**Exercise data**:
--------
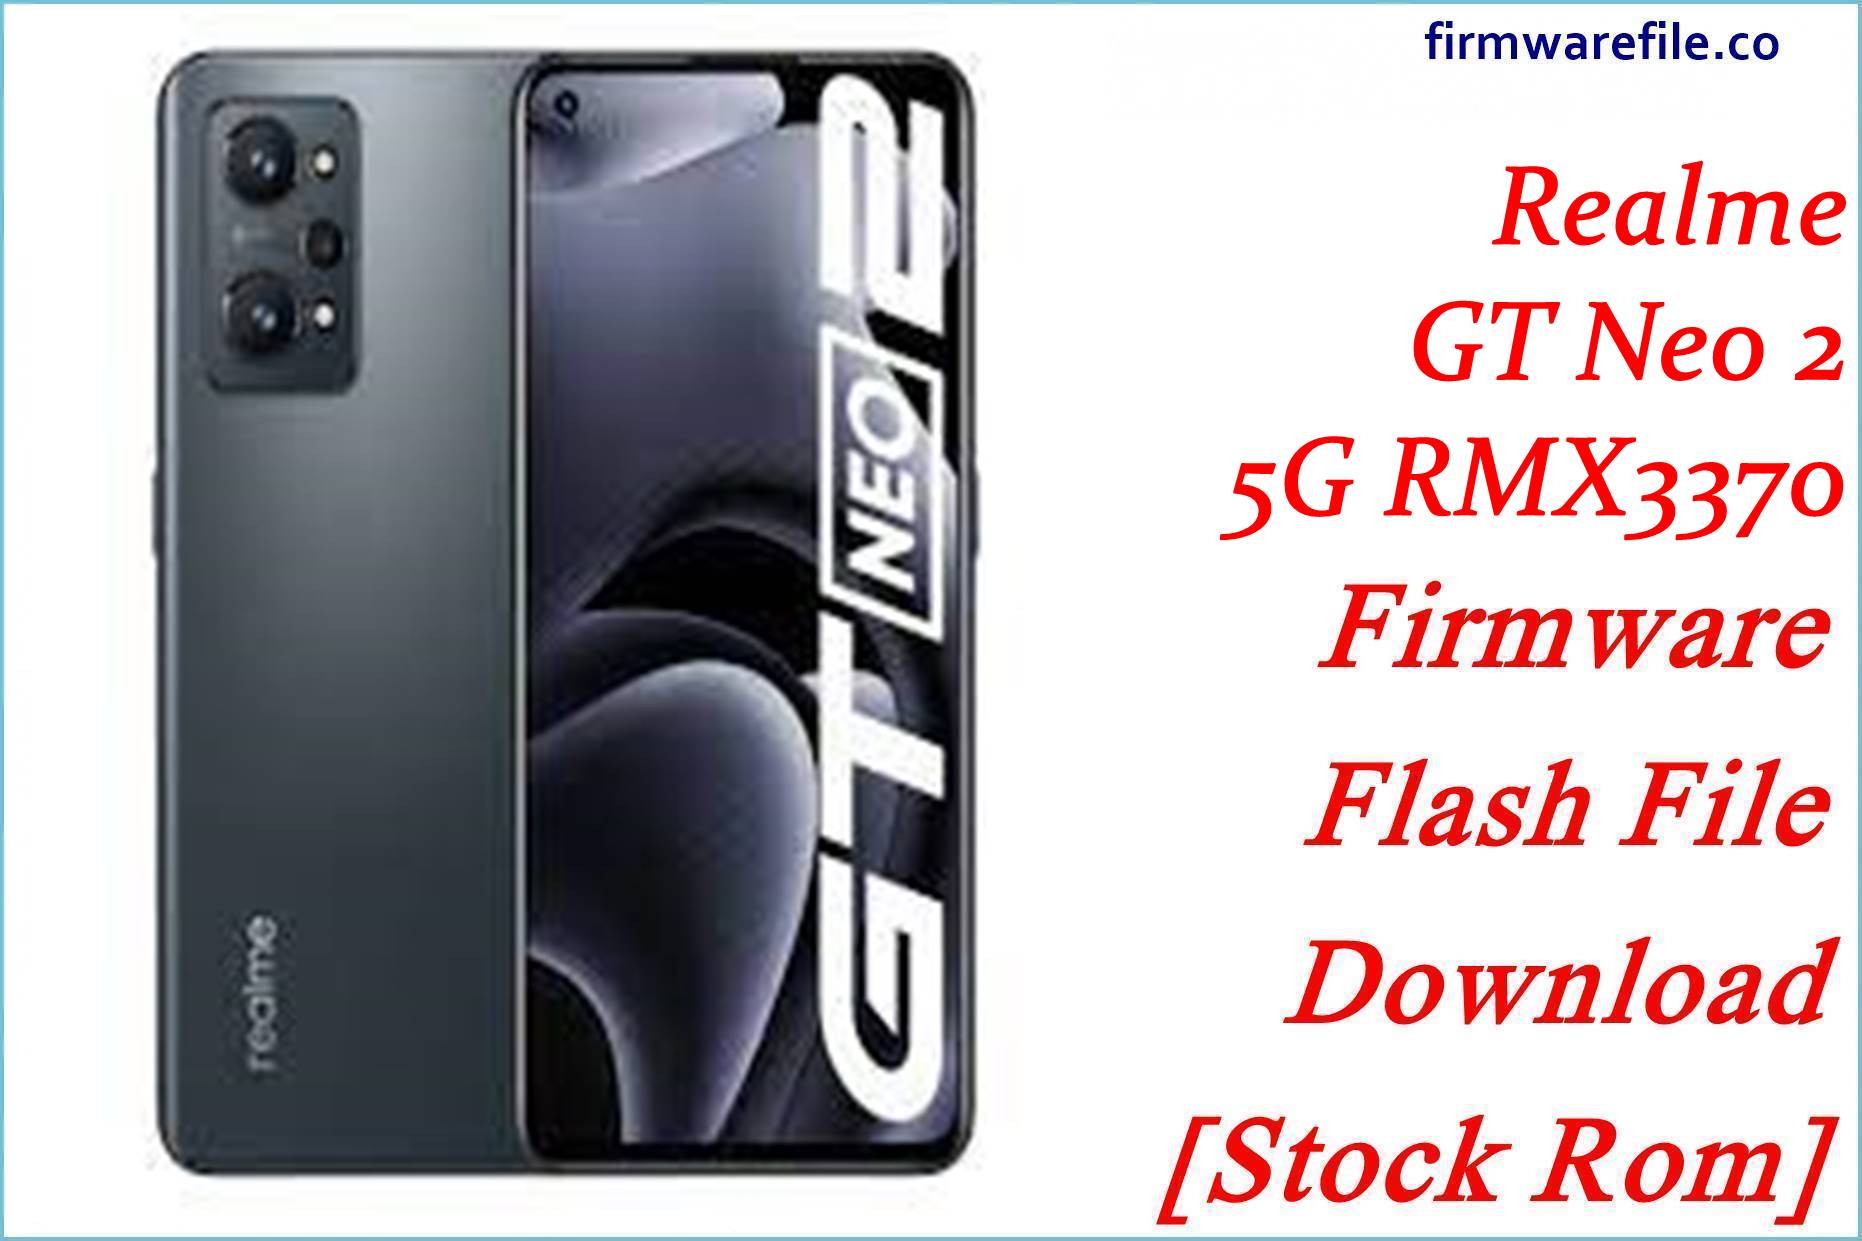 Realme GT Neo 2 5G RMX3370
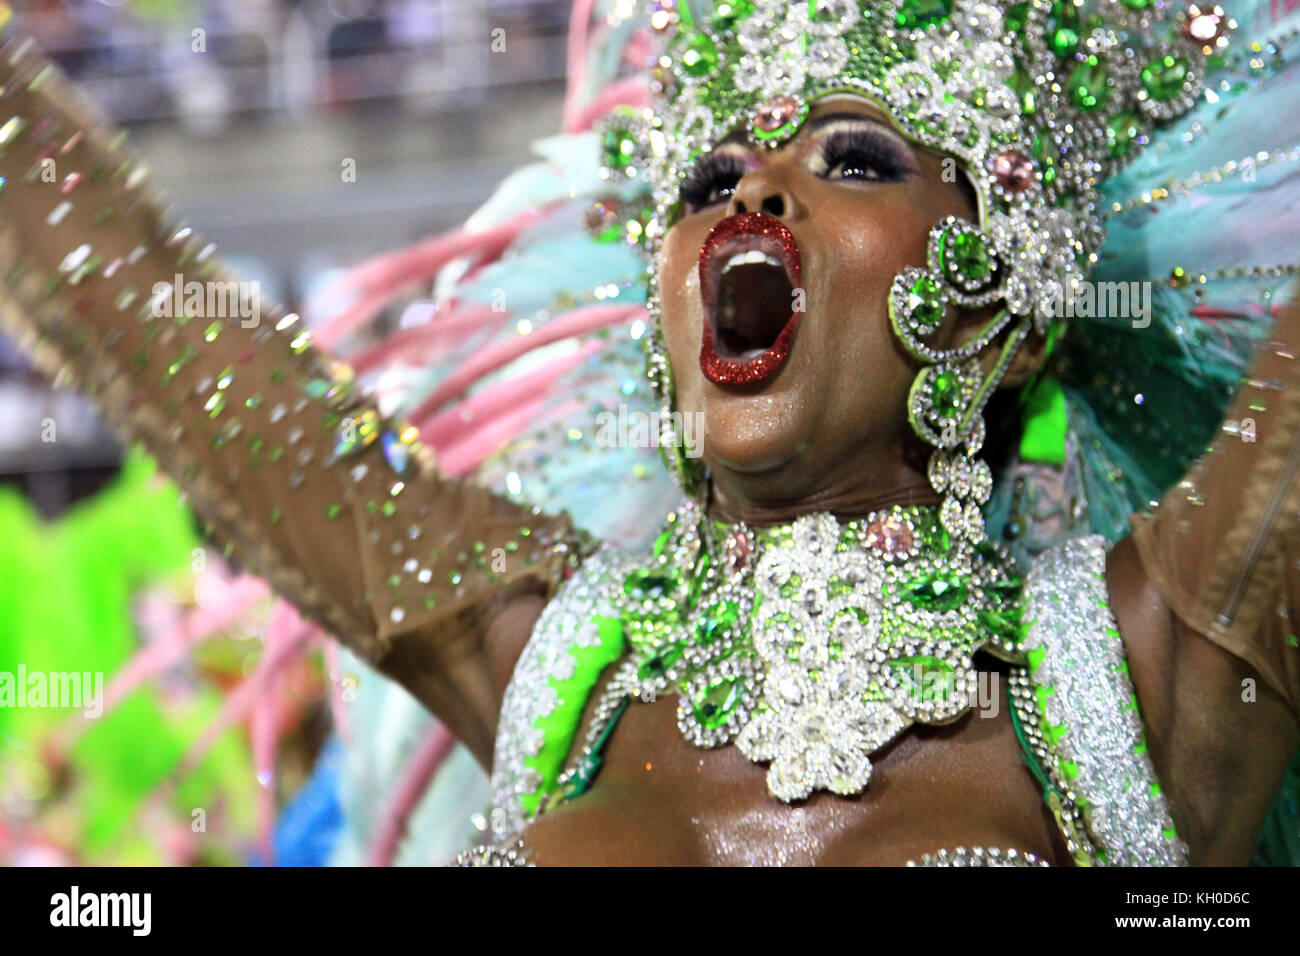 Es braucht viel Energie und Training, um ein großer Samba-Tänzer zu werden und am Sambodromo zu marschieren, wie diese Tänzerin der Mangueira Samba Schule. 03.03 2014. Stockfoto
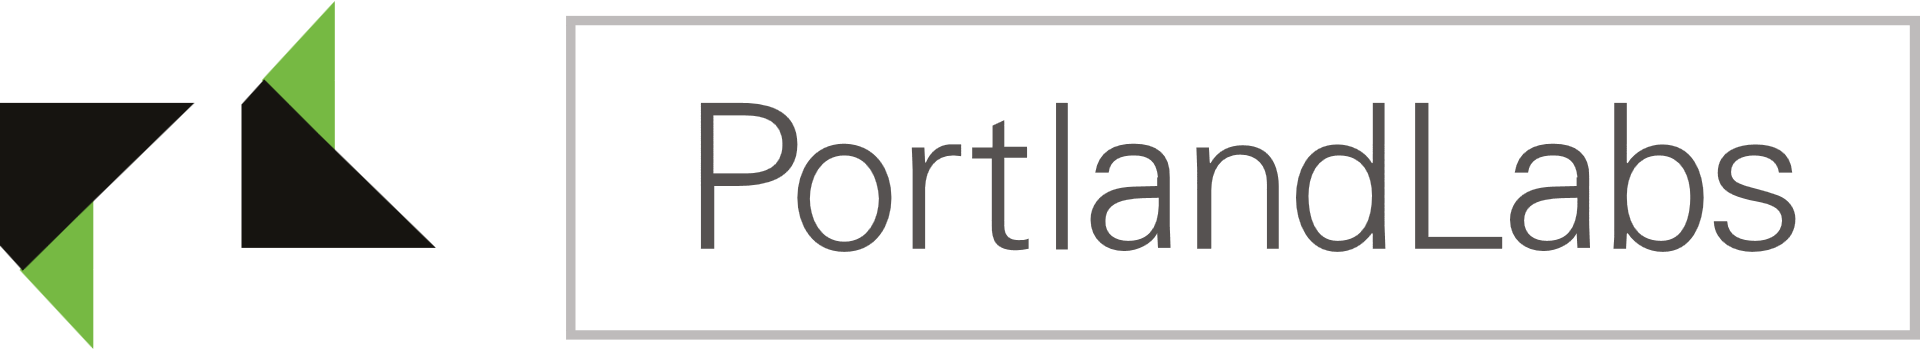 Portlandlabs
--------
**Work instruction**: Write the listing out exactly, apart from its pictures.

**Answer**:
 Realme GT Neo 2 5G RMX3370
 Es braucht viel Energie und Training, um ein großer Samba-Tänzer zu werden und am Sambodromo zu marschieren, wie diese Tänzerin der Mangueira Samba Schule. 03.03 2014. Stockfoto
 Portlandlabs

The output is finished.